Top of Recorded information
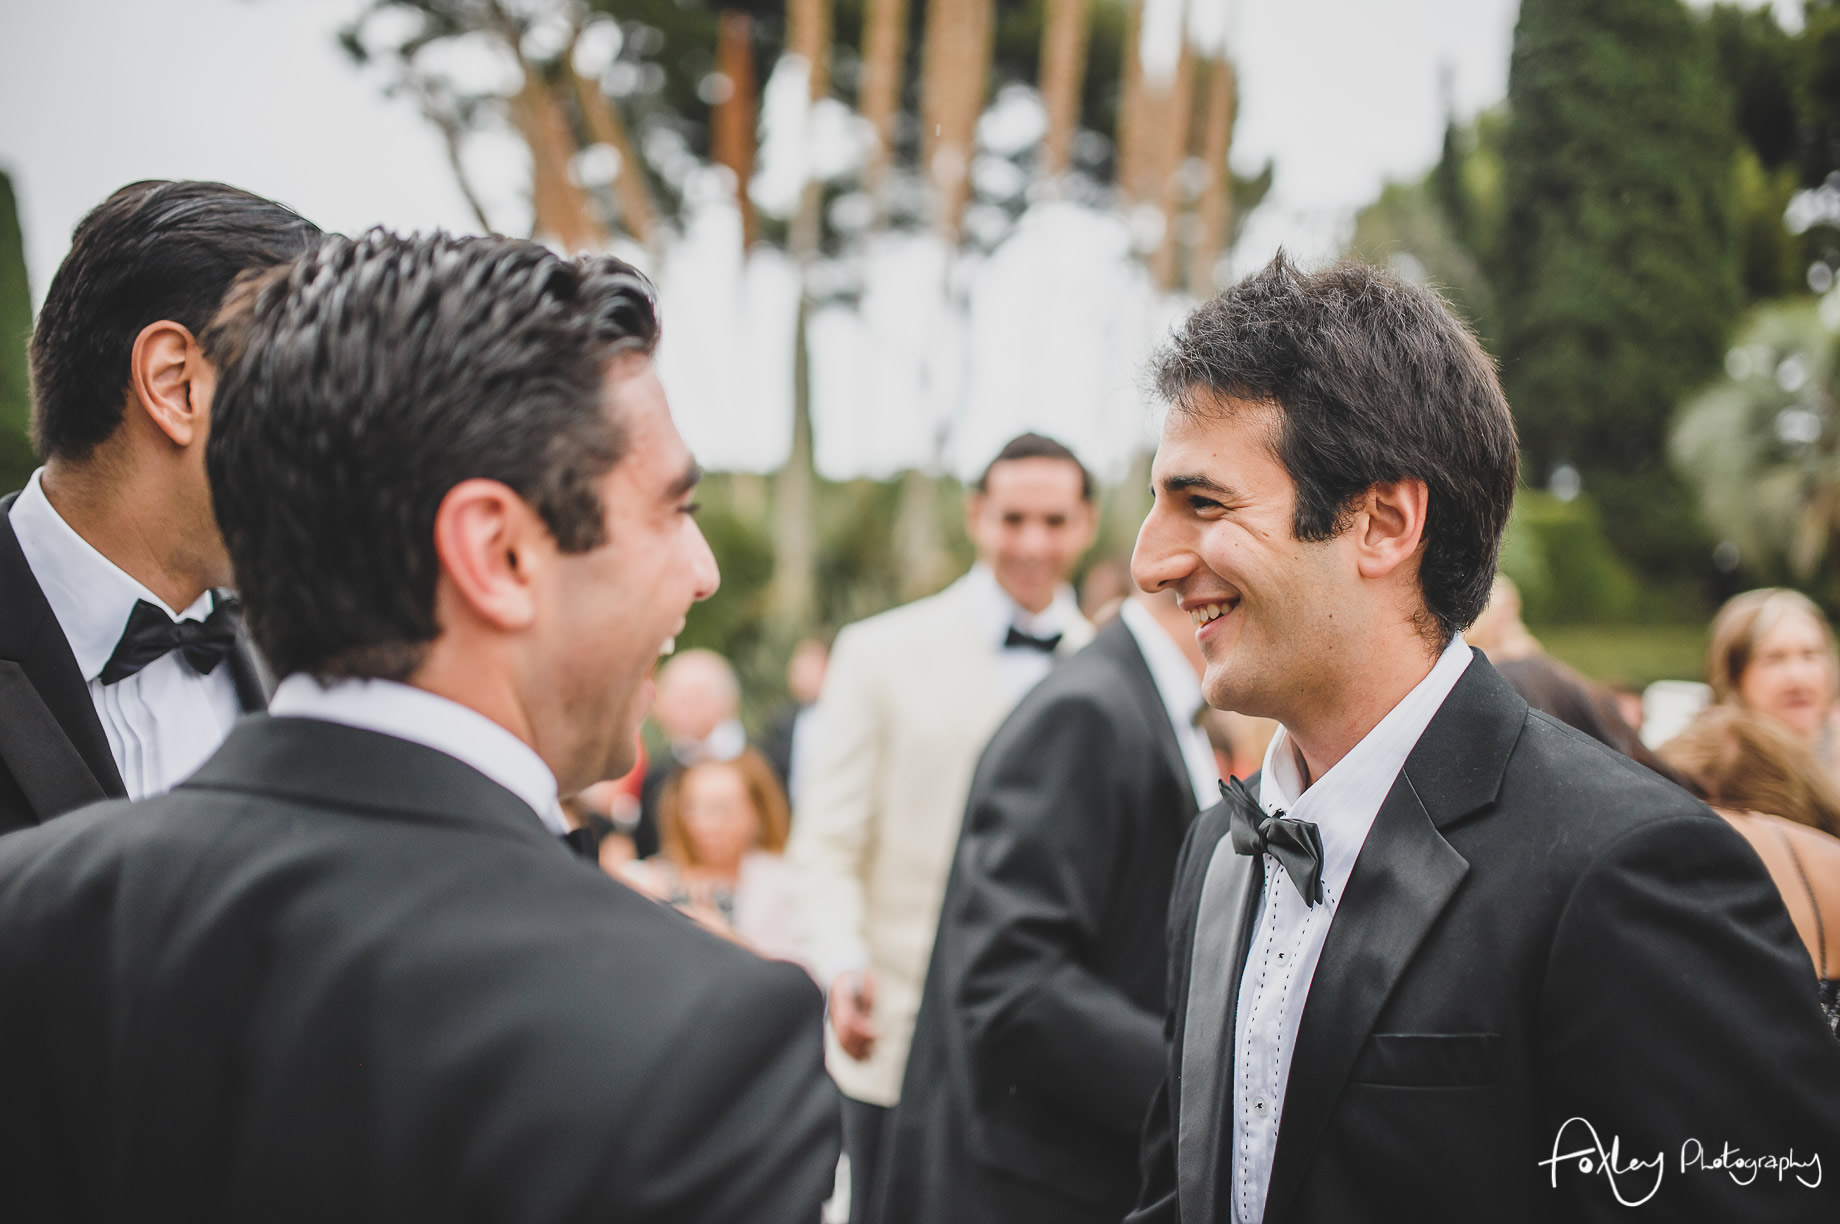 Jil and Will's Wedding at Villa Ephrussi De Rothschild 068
Bottom of Recorded information
Top of Recorded information
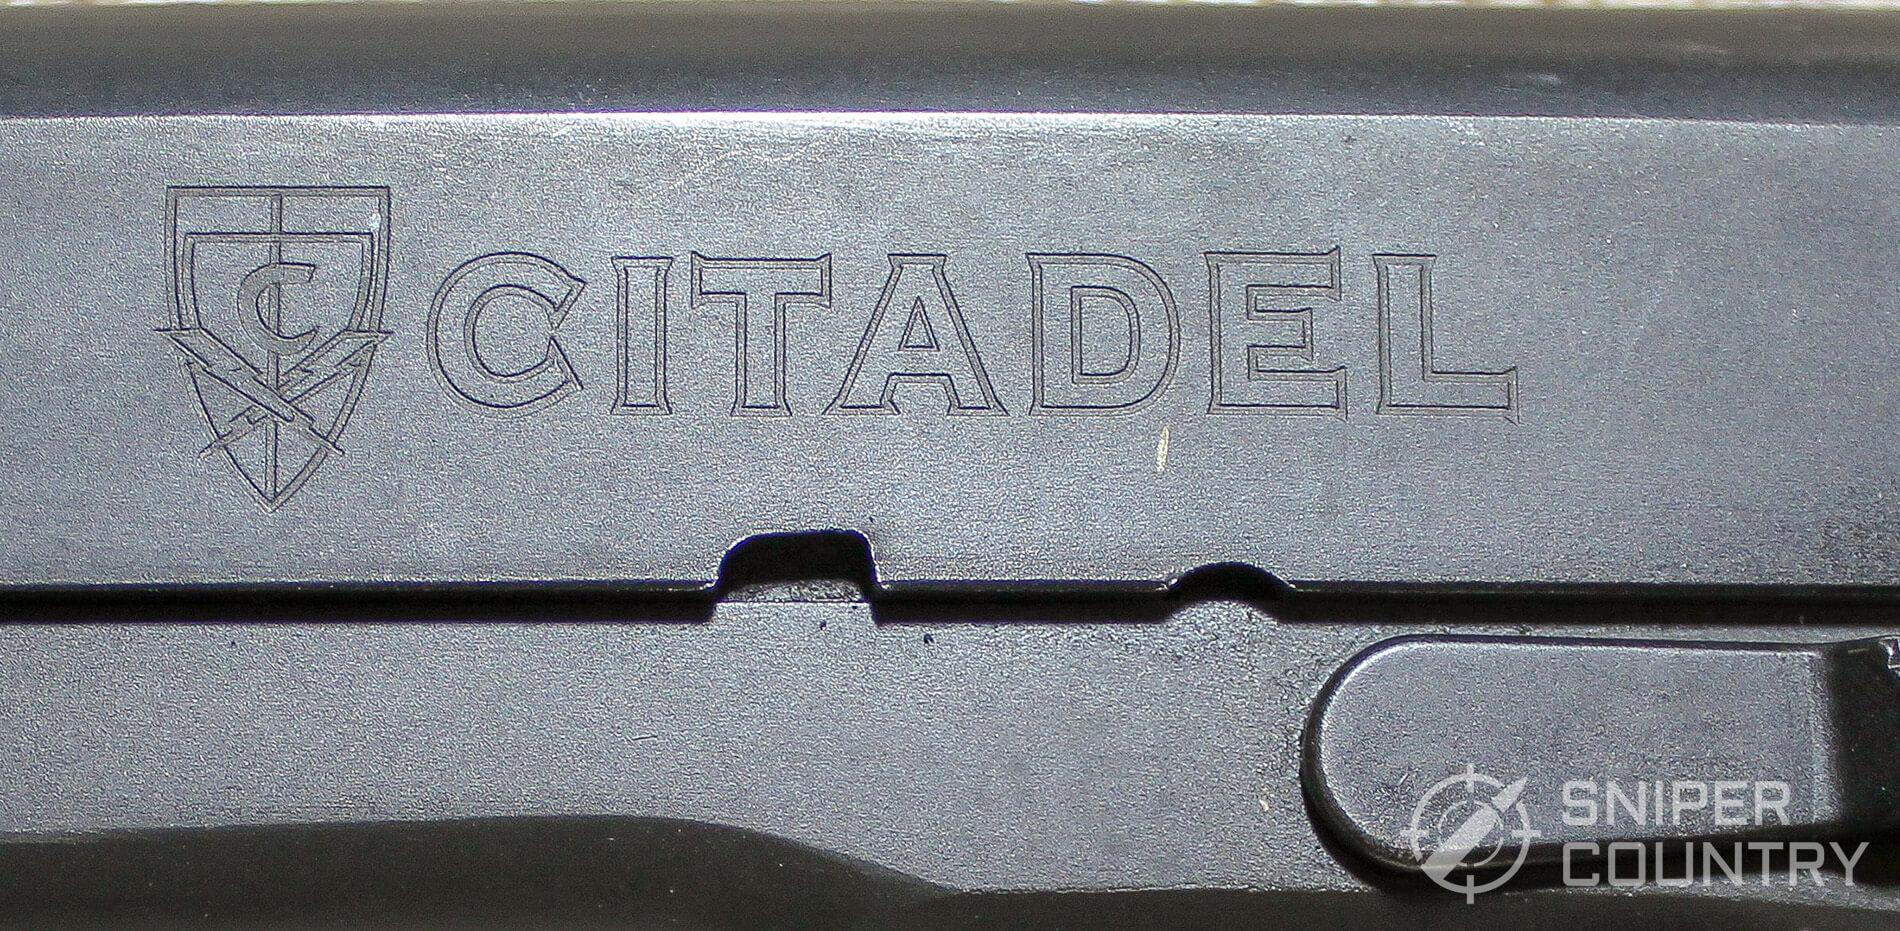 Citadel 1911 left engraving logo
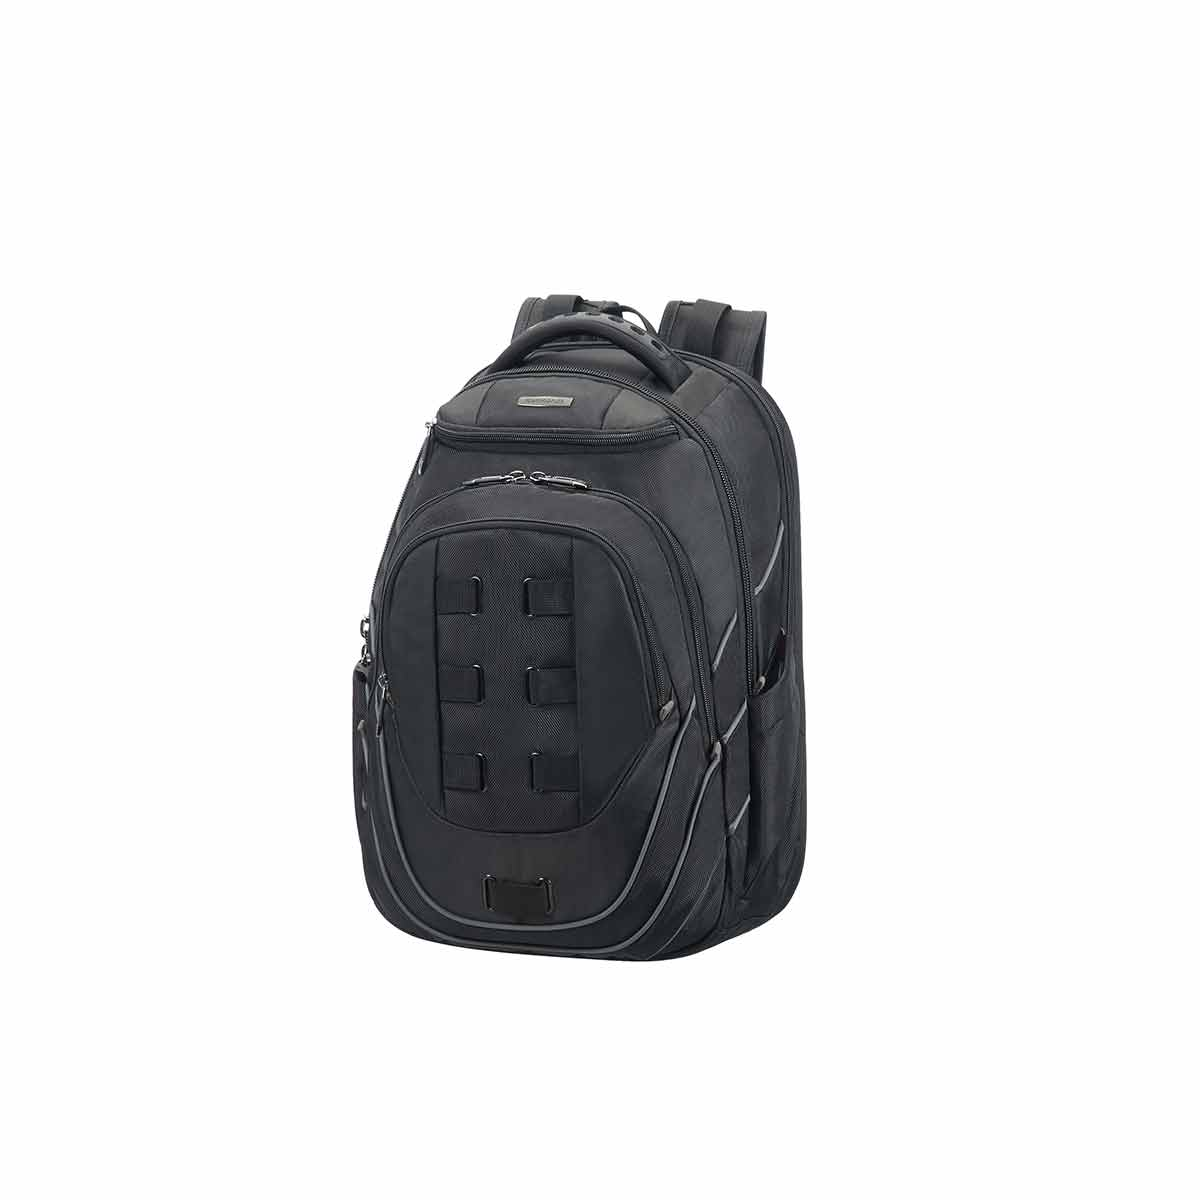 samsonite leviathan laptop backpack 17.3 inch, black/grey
Bottom of Recorded information
Work instructions »
Above this task is a listing with pictures in it. Retype only the lines from the one containing "Citadel 1911 left engraving logo" through the one containing "samsonite leviathan laptop", both included, and not the pictures.

Solution to the problem »
 Citadel 1911 left engraving logo
 samsonite leviathan laptop backpack 17.3 inch, black/grey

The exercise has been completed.